Here is dahdi_cfg from test box
DAHDI Tools Version - 2.1.0.2
Setting echocan for channel 1 to mg2
Setting echocan for channel 2 to mg2
Setting echocan for channel 3 to mg2
I'll stand down on this one and await your feedback.
-----Original Message-----
From: asterisk-users-bounces@lists.digium.com
[mailto:asterisk-users-bounces@lists.digium.com] On Behalf Of Jared Smith
Sent: Thursday, May 28, 2009 4:34 PM
To: Asterisk Users Mailing List - Non-Commercial Discussion
Subject: Re: [asterisk-users] Best Current Release for Long Term Use
On Thu, 2009-05-28 at 14:47 -0500, Danny Nicholas wrote:
Quote:
The bug number for #1 is 14935. I developed a similar app that was
working
Quote:
great in the 1.4.21/Zaptel environment, but is now iffy at best in the
1.4.25/1.6 environment.
If this is an analog line connected to an FXO port, then Asterisk has no
way of telling whether or not the remote party has answered the call or
not. This is entirely due to the way analog signaling works, and works
exactly the same under both Zaptel and DAHDI.
--
Jared Smith
Training Manager
Digium, Inc.
_______________________________________________
-- Bandwidth and Colocation Provided by http://www.api-digital.com --
Posted: Fri May 29, 2009 4:04 pm Post subject: [asterisk-users] Best Current Release for Long Term Use
On Fri, May 29, 2009 at 09:24:02AM -0500, Danny Nicholas wrote:
Quote:
I beg to differ with you Jared. Since I don't have your email, I'll post
this here. Create this call file.
Channel: DAHDI/g1/5551212
CallerID: SIP/104
MaxRetries: 1
WaitTime: 60
retryTime: 5
Application: playback
Data: /var/lib/asterisk/sounds/you-sound-cute
On my "test" machine using a TDM400P, the playback would occur in a manner
such that the user would only get 50-70 percent of the message.

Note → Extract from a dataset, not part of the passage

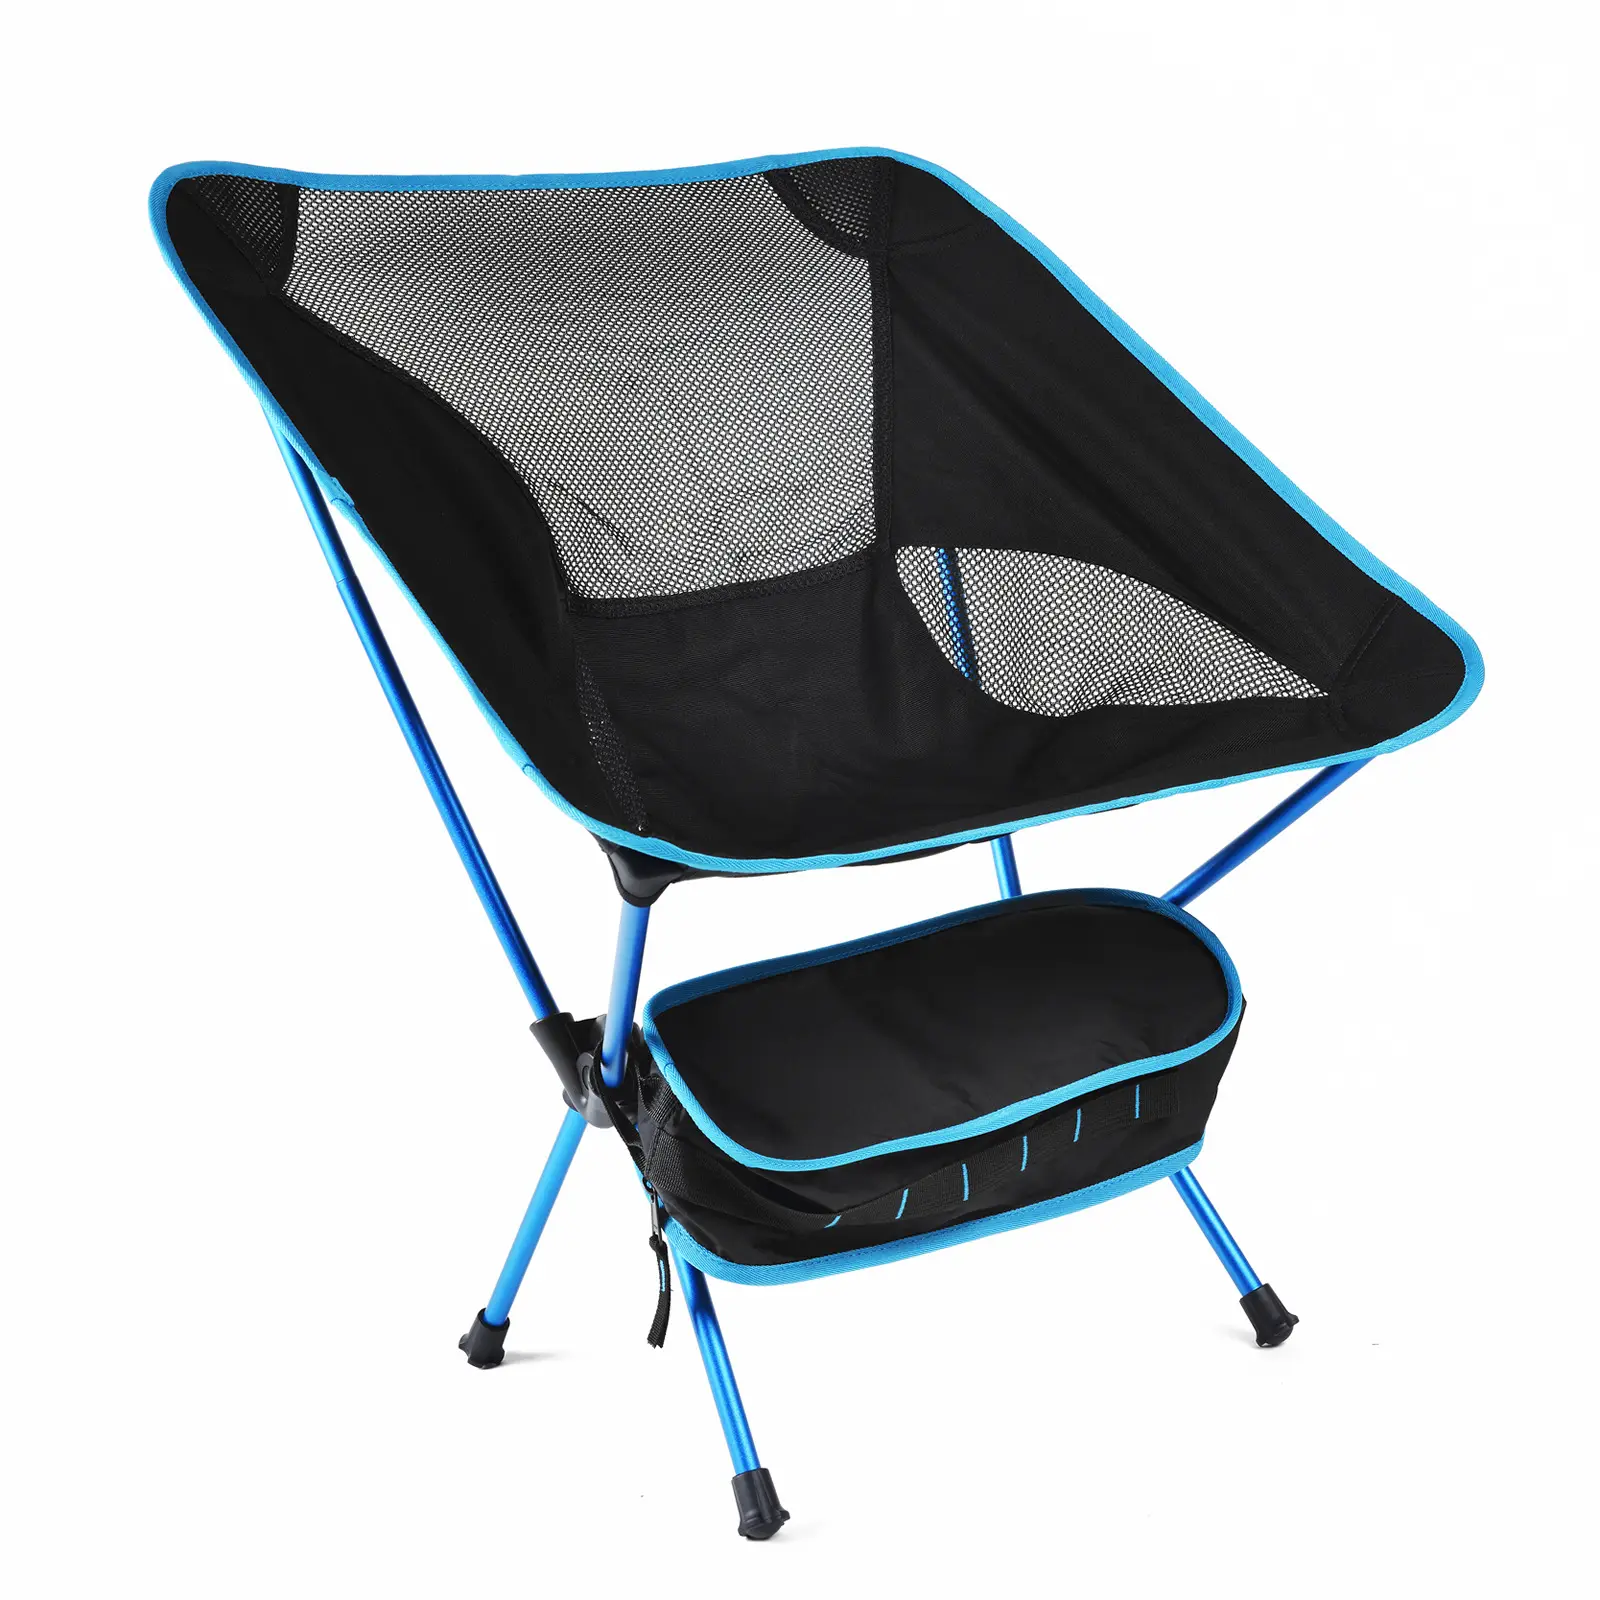 Lightweight backpack Portable fishing Camp moon Chair folding beach camping chairs outdoor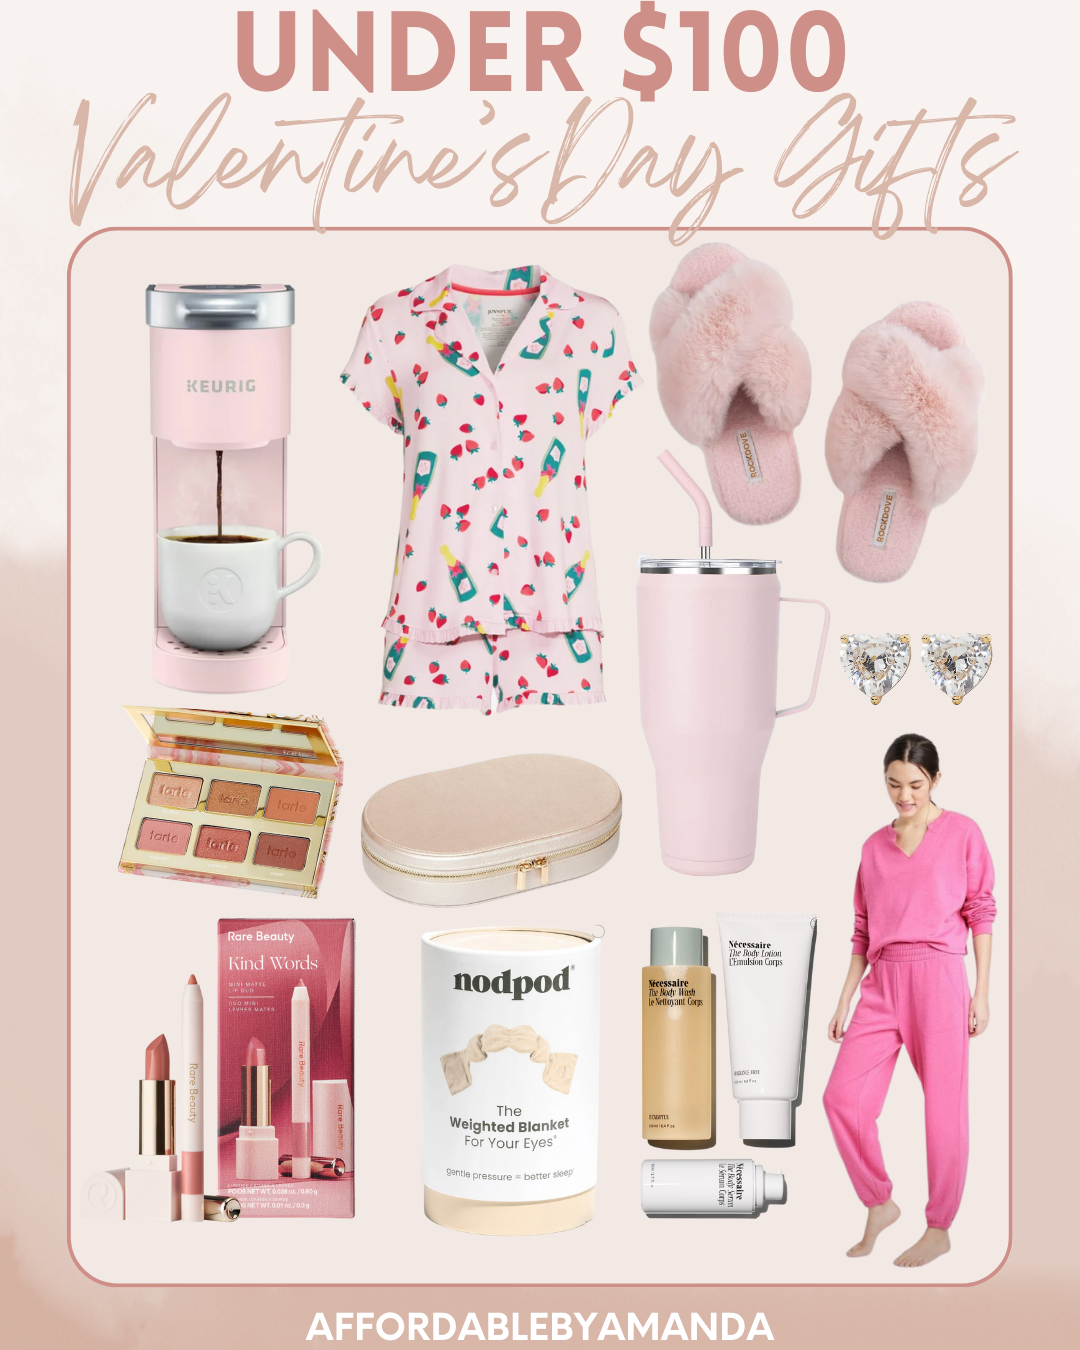 50 Best Valentine's Day Gifts for Her at Every Price | Best Valentine's Day Ideas for Her | Non Cheesy Valentine's Day Gifts for Her | Affordable by Amanda

Changing 5551212 to a cell phone number would create another 5 to 10 percent
loss of message.
Changing DAHDI/g1/5551212 to a local SIP extension would deliver the message
in its entirety.
On my "live" machine (TDM410P), the DAHDI call actually waits for a
connection, then plays the message after a 1/2 second pause, so I STAND
CORRECTED, AT LEAST SORT OF. The bug is reproducible on the TDM400P but not
TDM410P.
Here is dahdi_cfg from test box
DAHDI Tools Version - 2.1.0.2
Is this a regression from the past (some version of Zaptel)?
This is not merely a matter of casting the blame. If it is a regression,
it should be interesting to trace where is the exact point of
regression, which should help fix the problem.
It is aparantly a bug in the wctdm driver (TDM410P uses wctdm24xxp). Do
you have a "good" and a "bad" sample to compare alongside? It should be
interesting.
A good start would be to enable full debugging at Asterisk. This should
include all events sent from Zaptel/DAHDI to chan_zap / chan_dahdi.
Comparing the "good" and the "bad" should give a useful insight.